For stored beans, protect them by heating them up to 135 degrees for a period of three to four hours, or suspend them in a bag of water, heat to 140 degrees and then rapidly dry.

THESE ARE GREAT FOR YOUR INVERTS AND OTHER PETS! AS THEY MULTIPLY RAPIDLY WHEN ENCLOSED AND WITH LOADS OF BEANS...

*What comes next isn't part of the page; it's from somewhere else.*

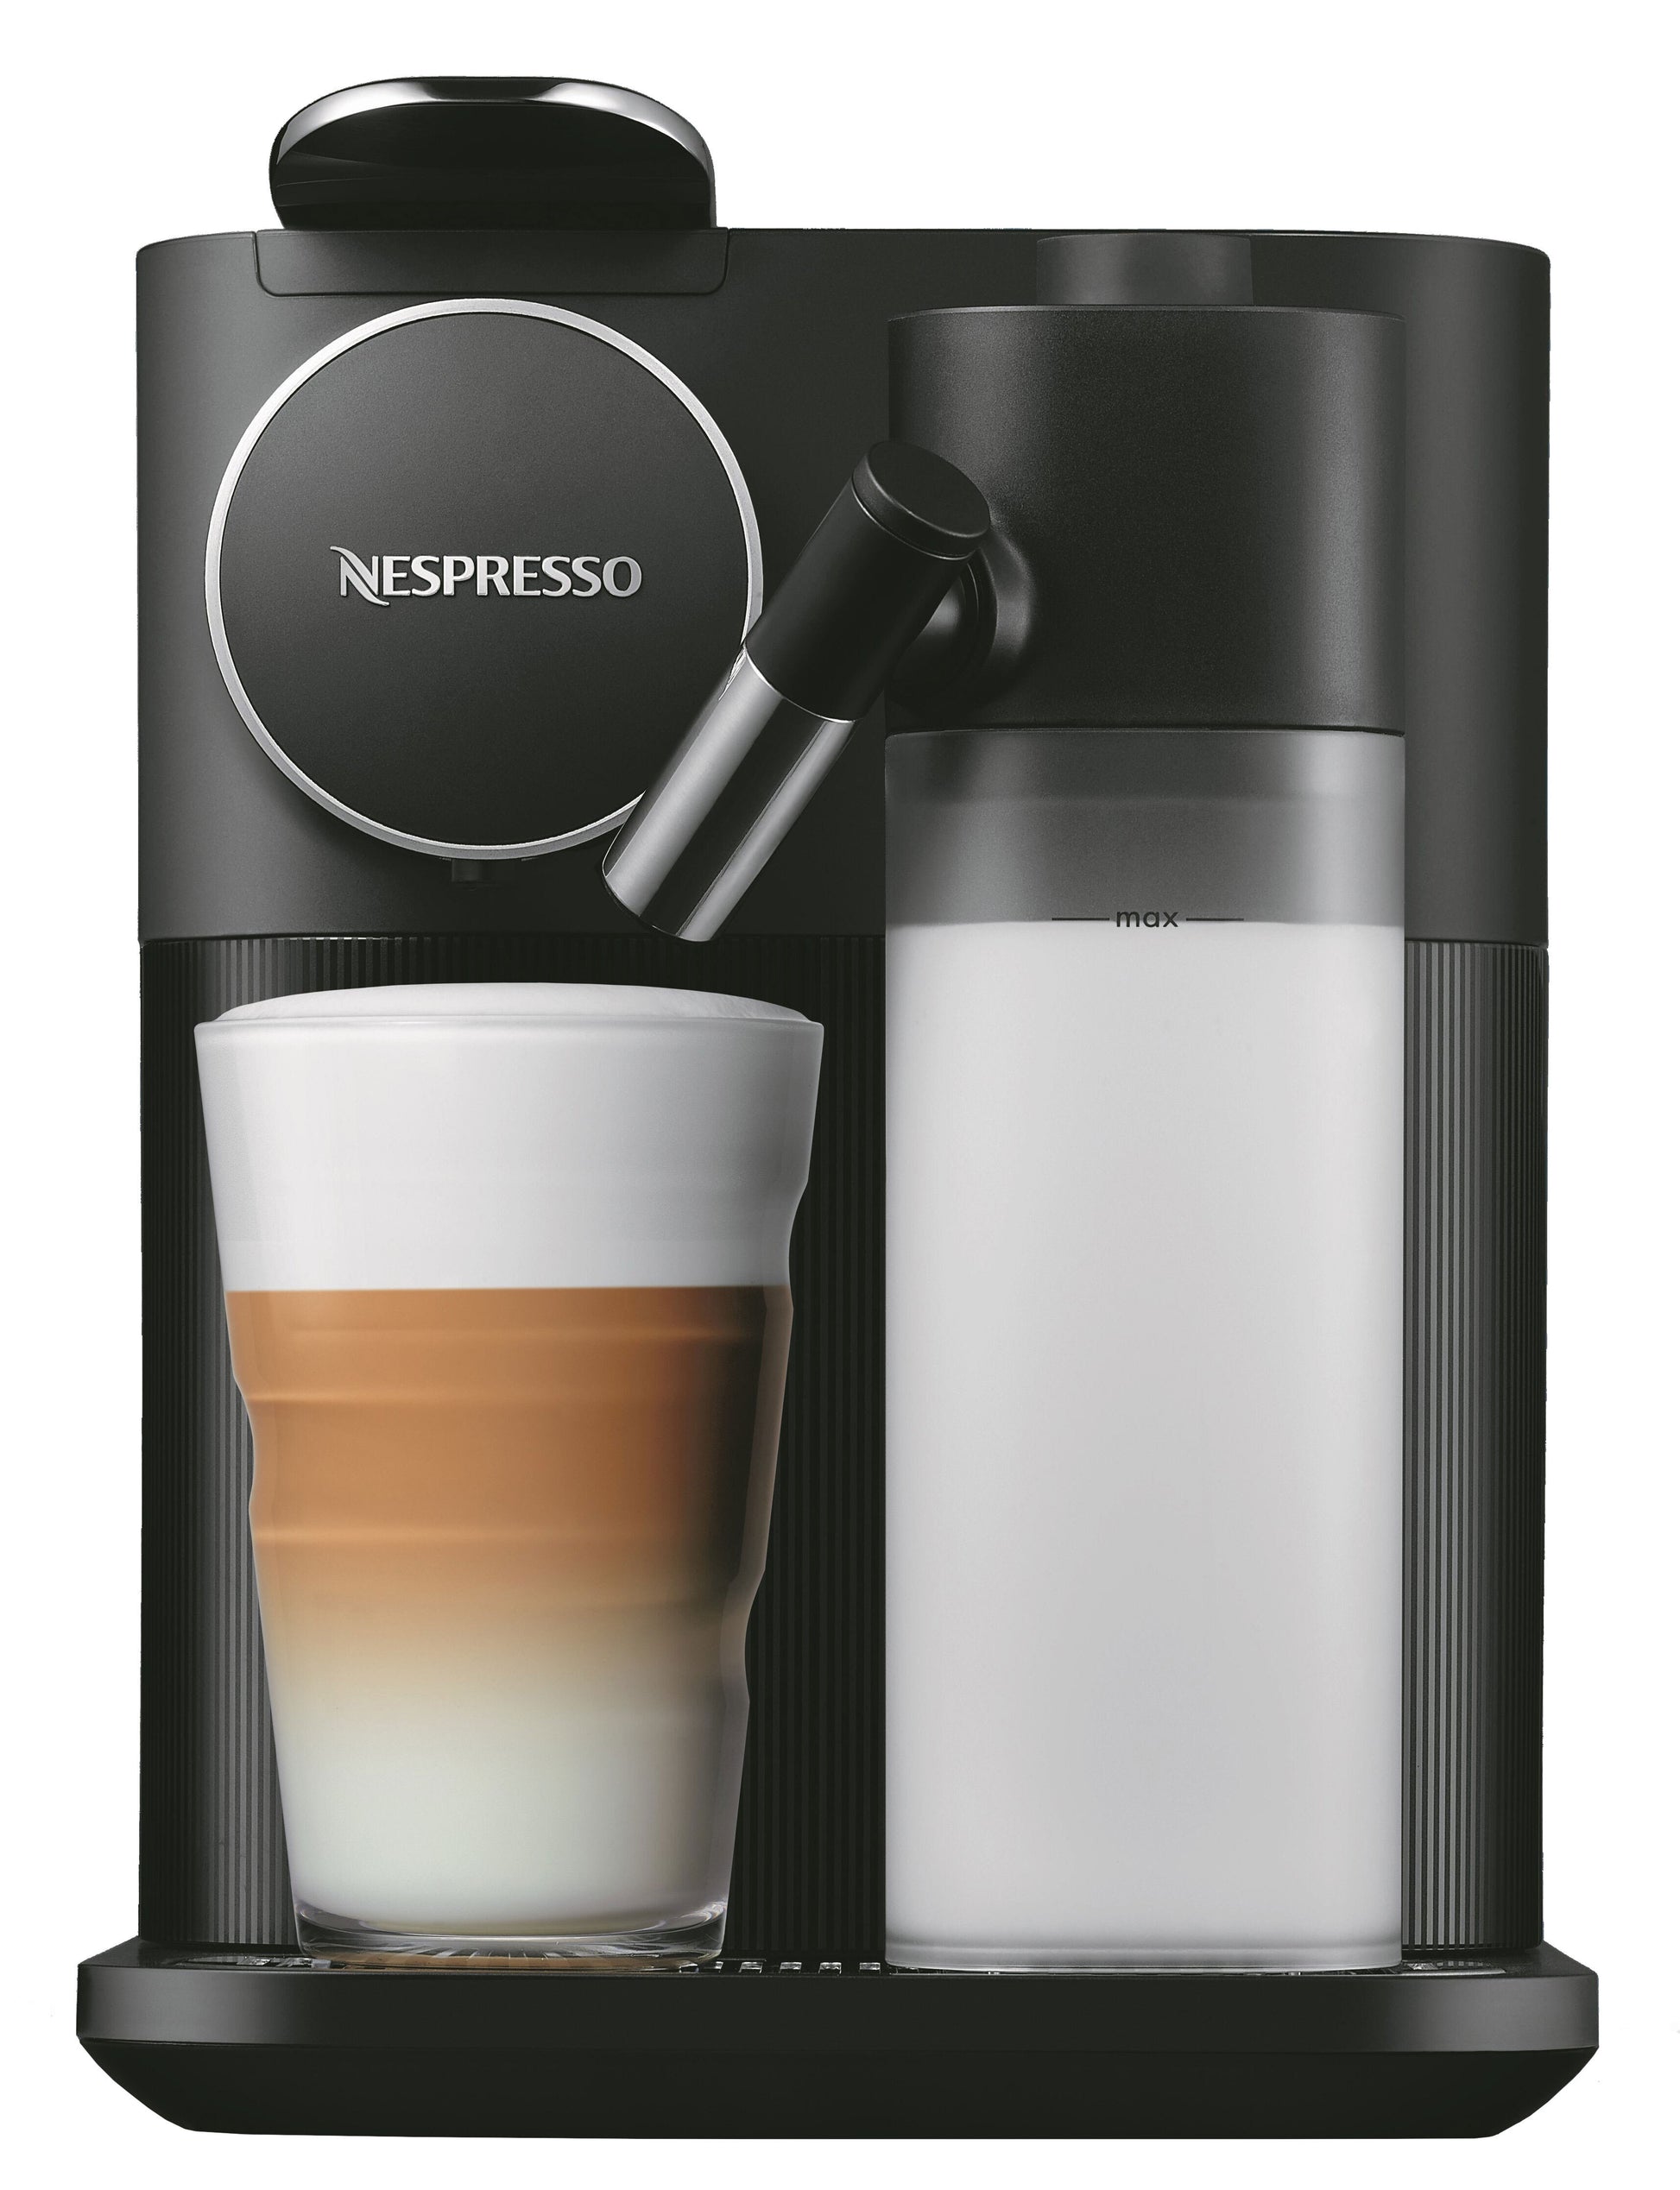 Nespresso Lattissima One Coffee Maker And Espresso Machine By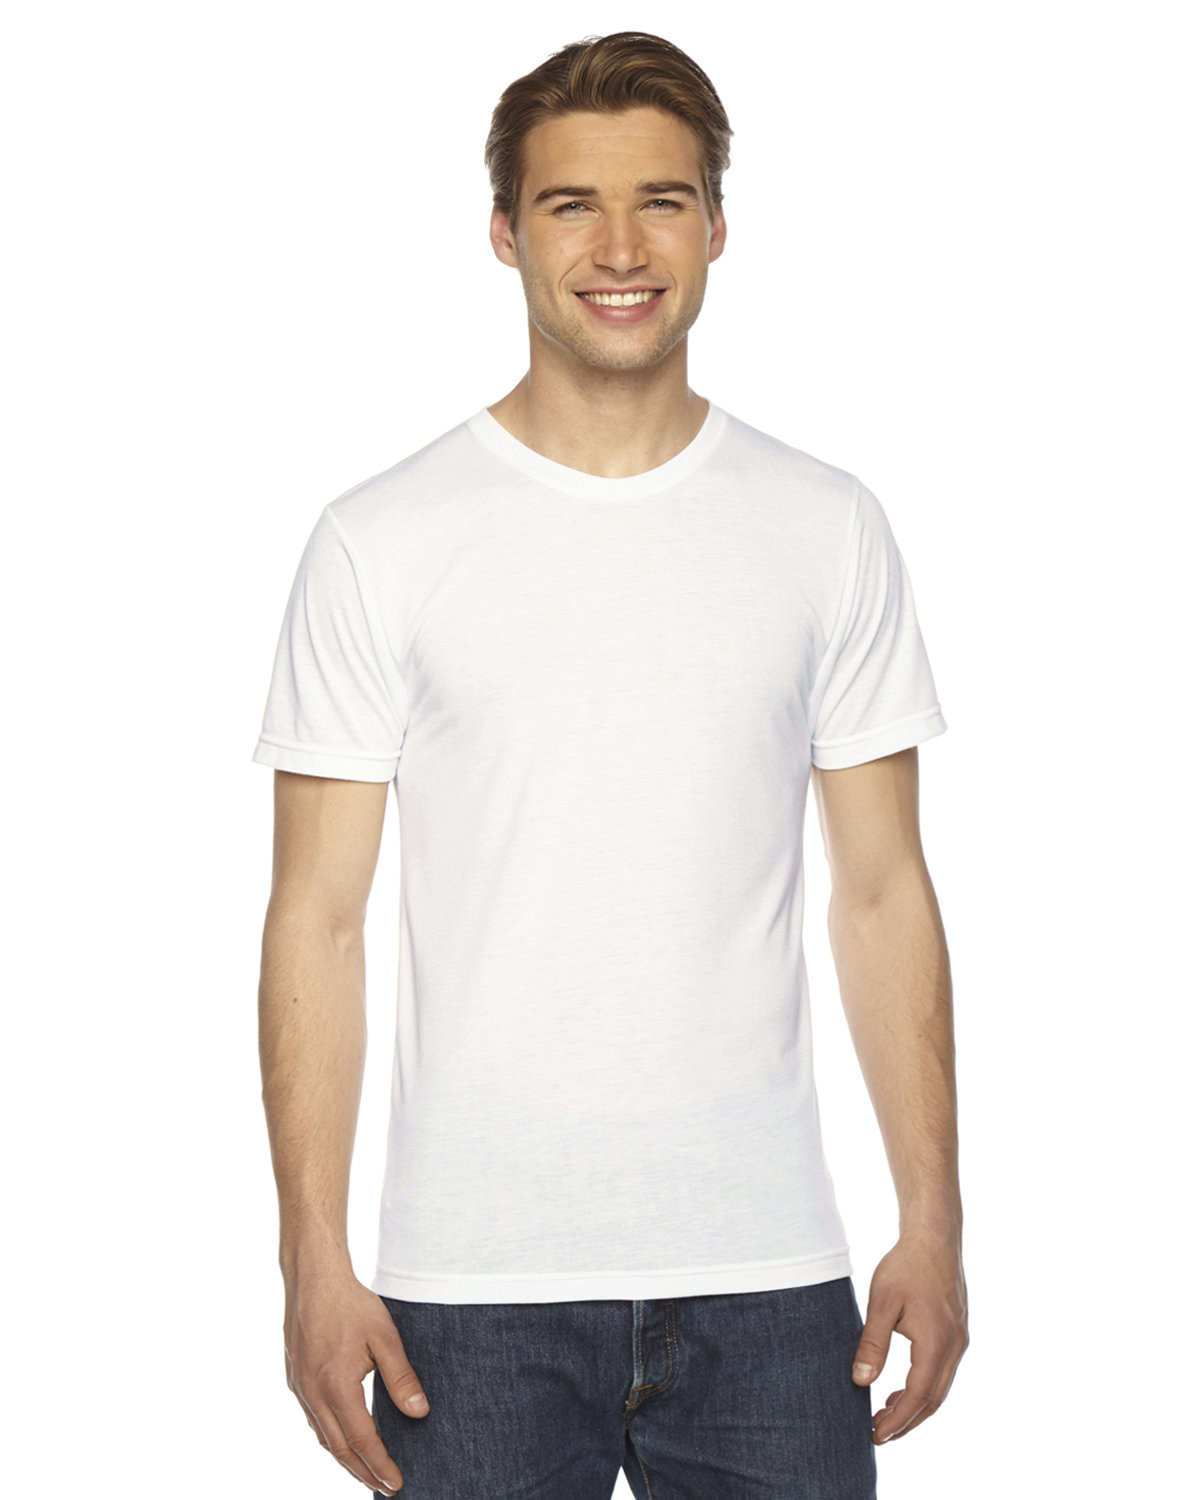 American Apparel pour Femme//Femmes en polycoton à manches courtes T-Shirt

*I am not claiming this care sheet as mine, i got it from: Bean Weevil care sheet*


----------



## Punchfish (Jun 13, 2008)

Just out of interest, but did you read this 'care sheet' yourself? As it tells you how to keep beans without them getting attacked by weevils :lol2:


----------



## mikemike118 (Aug 15, 2009)

*no....*



Punchfish said:


> Just out of interest, but did you read this 'care sheet' yourself? As it tells you how to keep beans without them getting attacked by weevils :lol2:


oh yh!.....:lol2: i did read it all, but i probs didnt read carfully :lol2:

just noticed....im so dumb....

thanks for letting me know


----------



## Punchfish (Jun 13, 2008)

Haha, no problem. On the plus side I know how to safely keep a jar of beans on display without them getting attacked by pesky weevils.


----------



## mikemike118 (Aug 15, 2009)

*lol*



Punchfish said:


> Haha, no problem. On the plus side I know how to safely keep a jar of beans on display without them getting attacked by pesky weevils.




:lol2: i dont eat beans they make me :blowup: espcially baked ones! :lol2:


----------